Publishing editors, presidents and executives at such groups trade stories and strategies about the challenges of digital technology, which allows entities to publish, but they thumb their noses at the peer review and standards required by an AAUP affiliate. The good news for university press scholarship involving people of color is that more executives are looking to support regional scholarship--a significant portion of which is related to African American, African and Caribbean subjects--because it sells well.

Fall 2006 catalogues reveal such varied regional subjects as a biography of the "steel driving" man John Henry, and a documentary survey titled The Other Black Bostonians, about West Indians in 19th-century Boston.

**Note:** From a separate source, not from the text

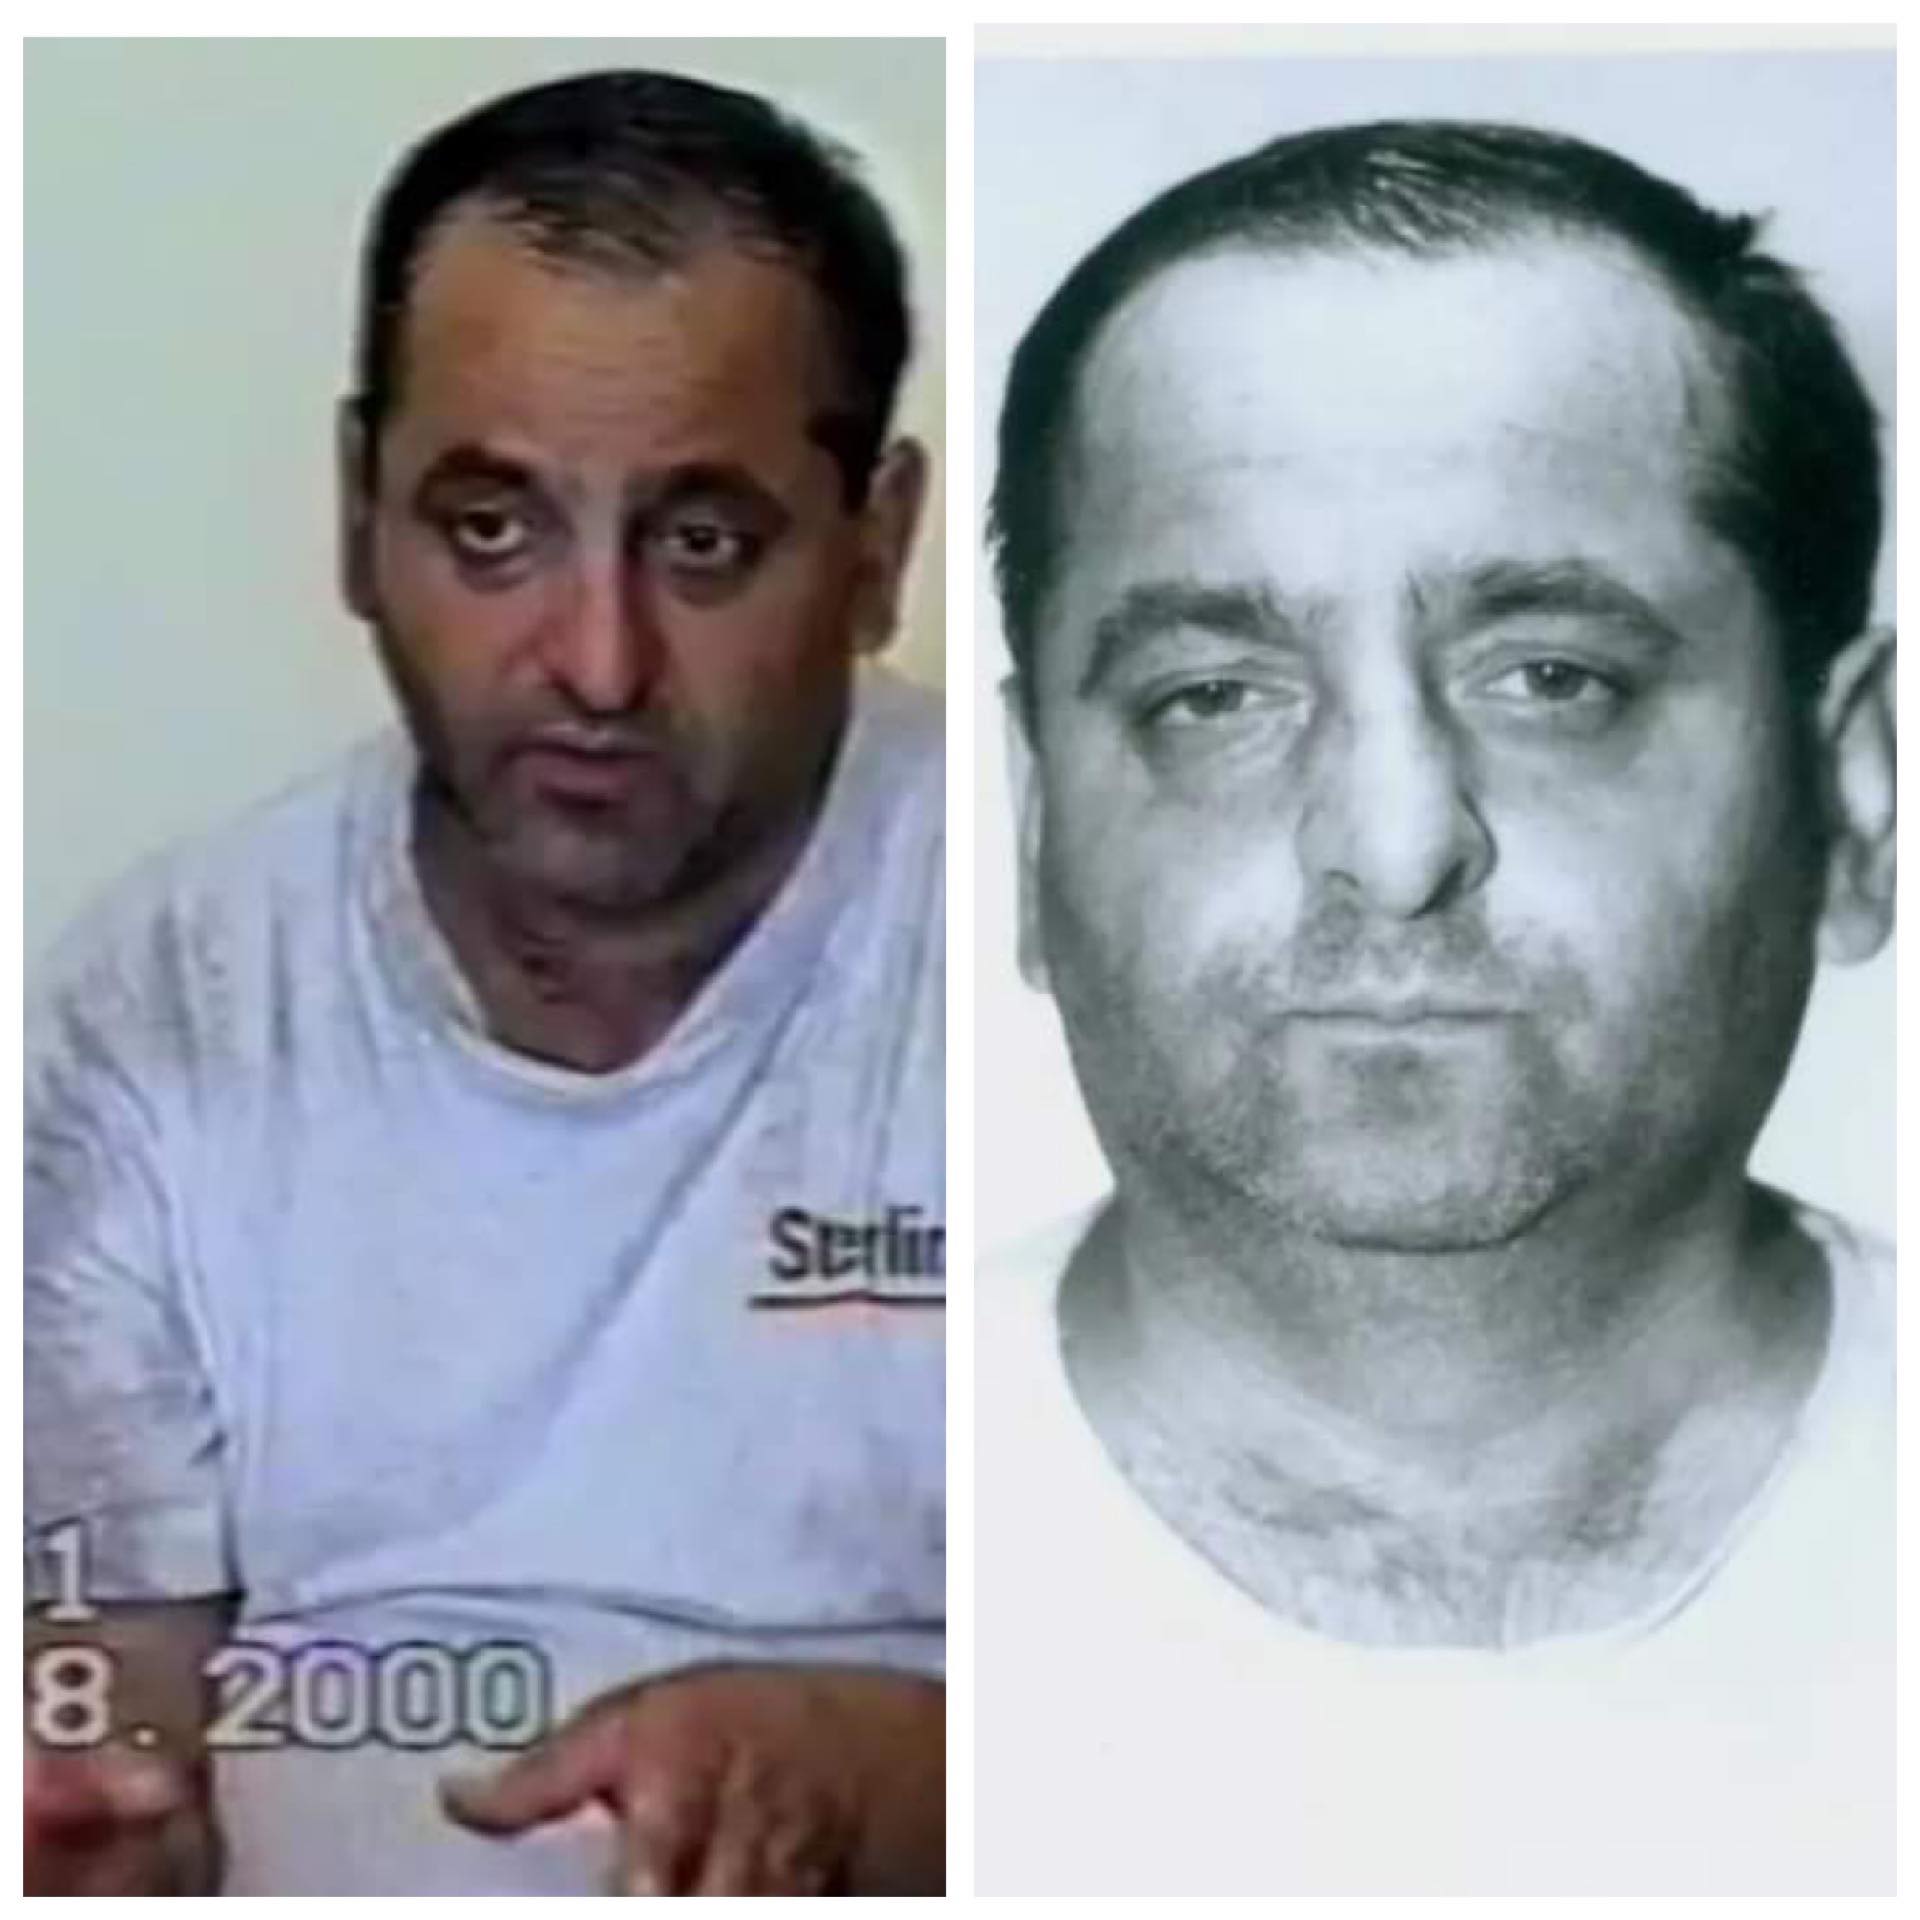 EXCLUSIV: Grigore Bota alias ”Brancardierul morții” sau “Ucigașul de boschetari“ va fi pus în libertate

Penelope Kaiserlian, director of the University of Virginia Press who takes over as AAUP president this year, made it clear in an interview that the idea of transformative publishing applied not just to technology but also to people: "We really are having to transform ourselves. We're in such a world of change, we need constant re-education."

Books on the black experience that are forthcoming from university presses answer Kaiserlian's challenge and not only revolutionize, educate and re-educate but also entertain.


Recent and upcoming offerings from university and small presses of interest to African Americans, by category, include:


The Color of Fascism: Lawrence Dennis, Racial Passing, and the Rise of Right-Wing Extremism in the United States by Gerald Home New York University Press, November 2006 $45, ISBN 0-814-73686-6

Based on extensive archival research, The Color of Fascism fuses biography, social history and critical race theory to bring to life this complicated, mysterious man.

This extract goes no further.